CAUTION: This e-mail originated outside the University of Southampton.
Hi James,

I was having a similar problem. Our servers are periodically rebooted overnight. The problem we had was that the Indexer was killed instead of being stopped gracefully, so the PID file remained in place after reboot, preventing the Indexer from starting up again.

In the end I resorted to removing epindexer from /etc/init.d and installing a systemd service instead.
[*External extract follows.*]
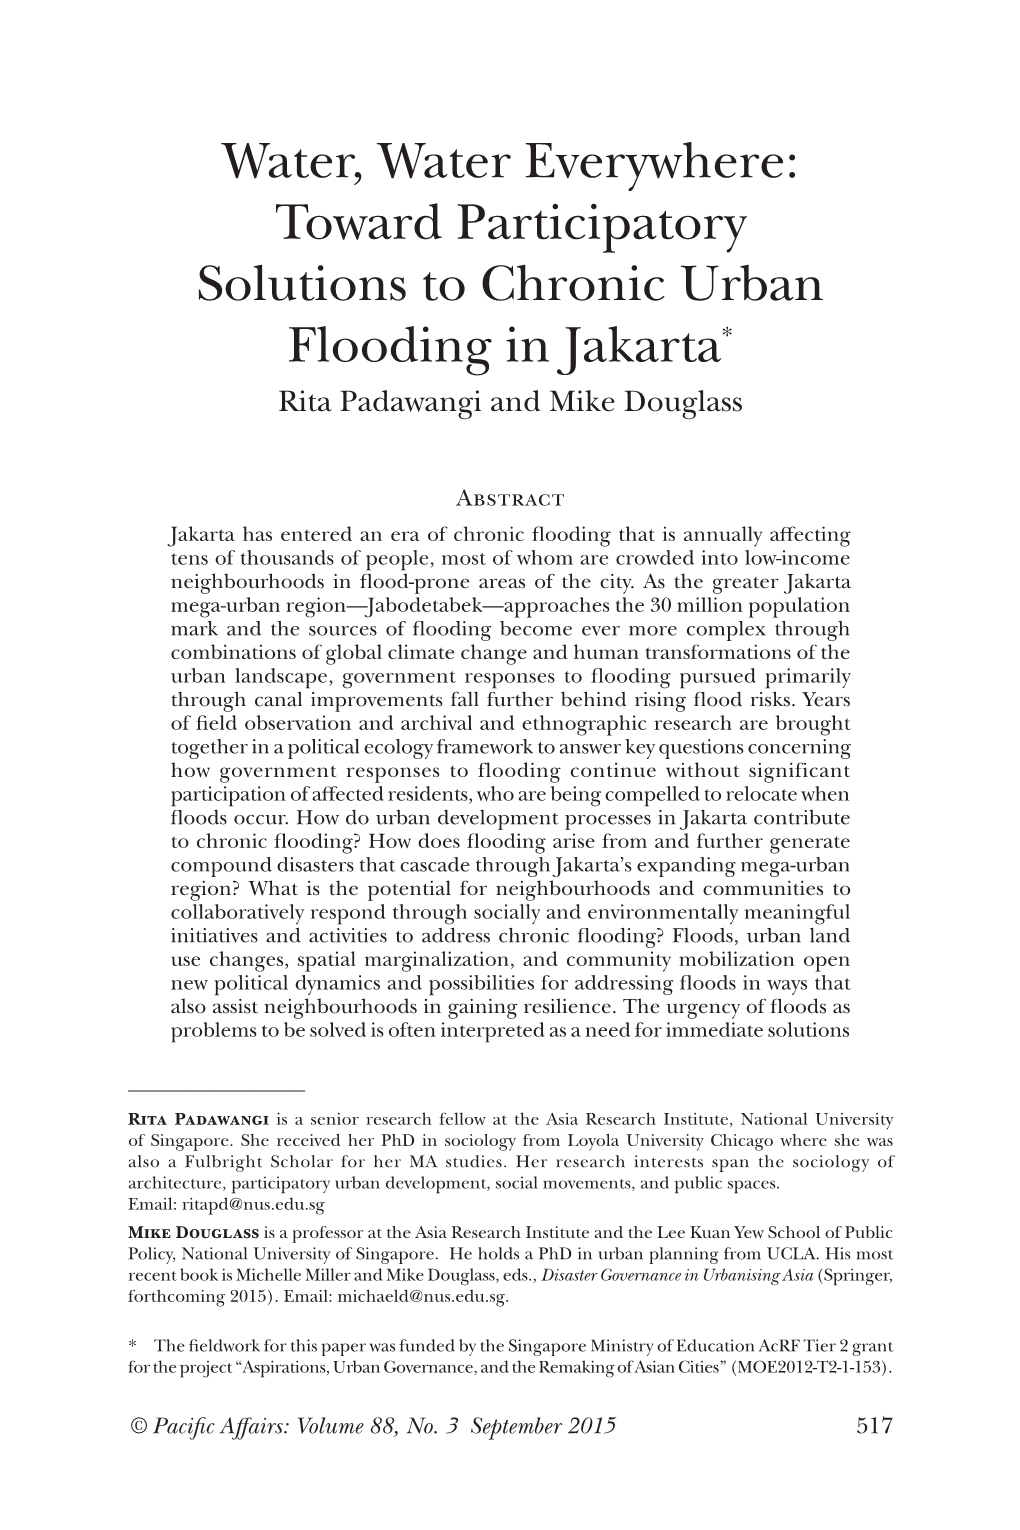 Toward Participatory Solutions to Chronic Urban Flooding in Jakarta* Rita Padawangi and Mike Douglass
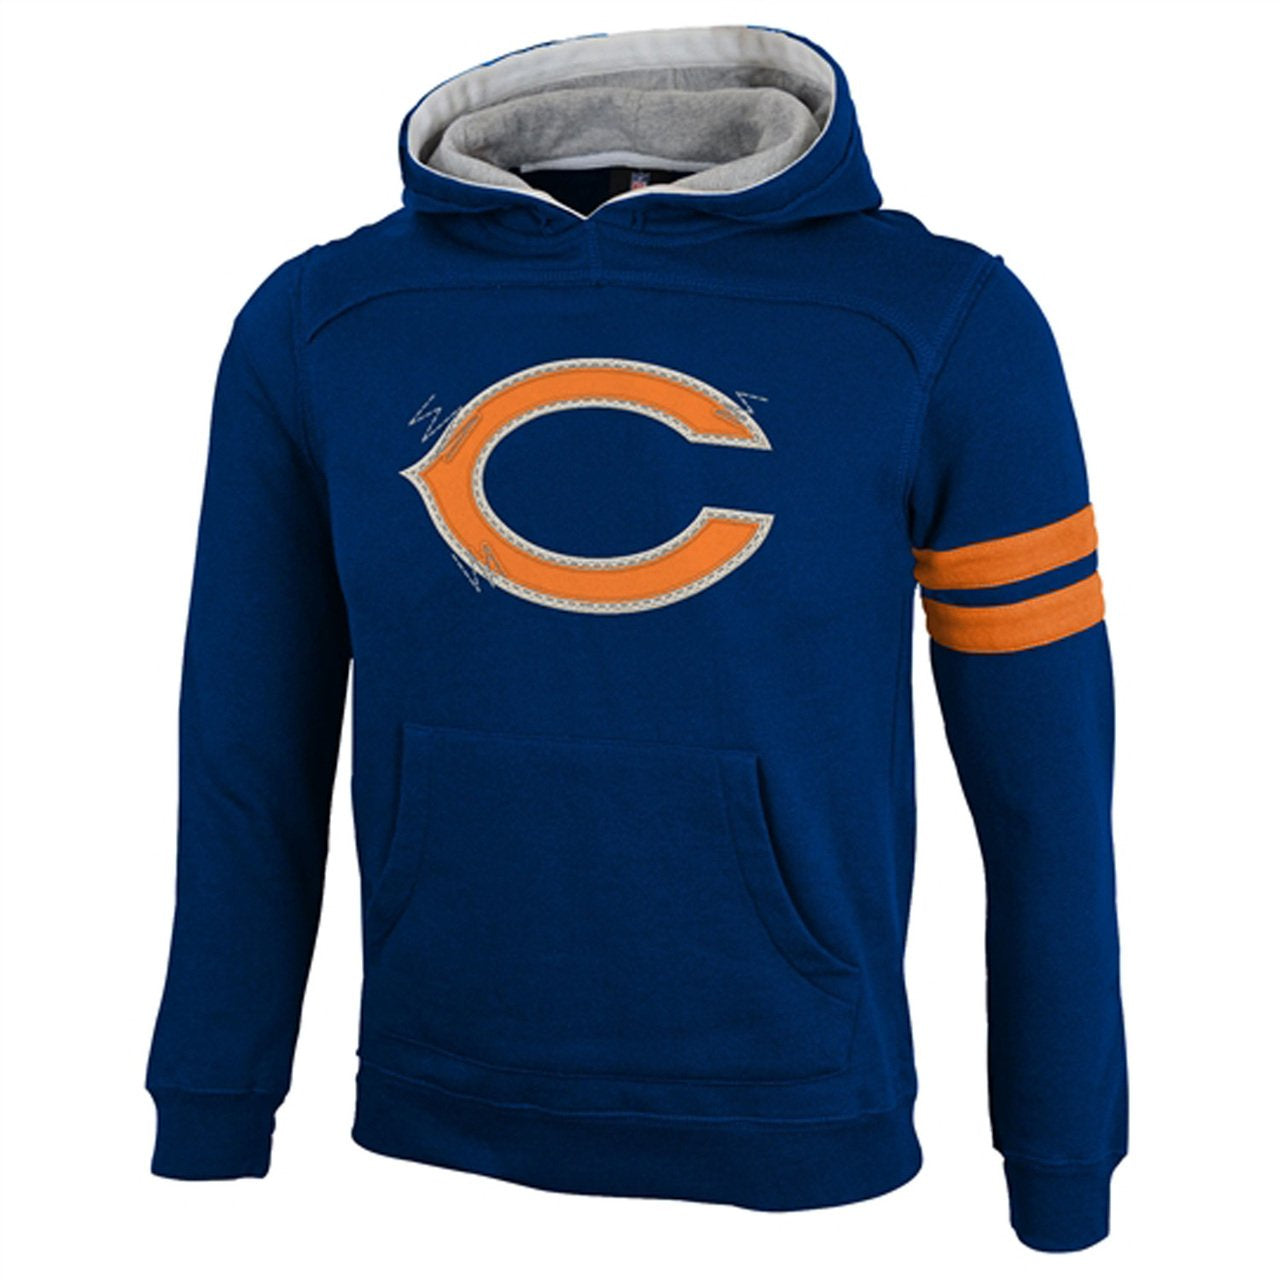 Chicago Bears Youth NFL Vintage Super Soft Hooded Sweatshirt

Problem was, we use the Indexer for more than just indexing. Some of the tasks are complex and prone to failure, so we tend to use the "--clear" or "--retry" options to the indexer script quite a lot. But manually stopping and starting the Indexer when systemd expects to control it is problematic.

(It would be nice if we could clear/retry tasks in bulk without restarting the Indexer; is there a reason why that would be a bad idea?)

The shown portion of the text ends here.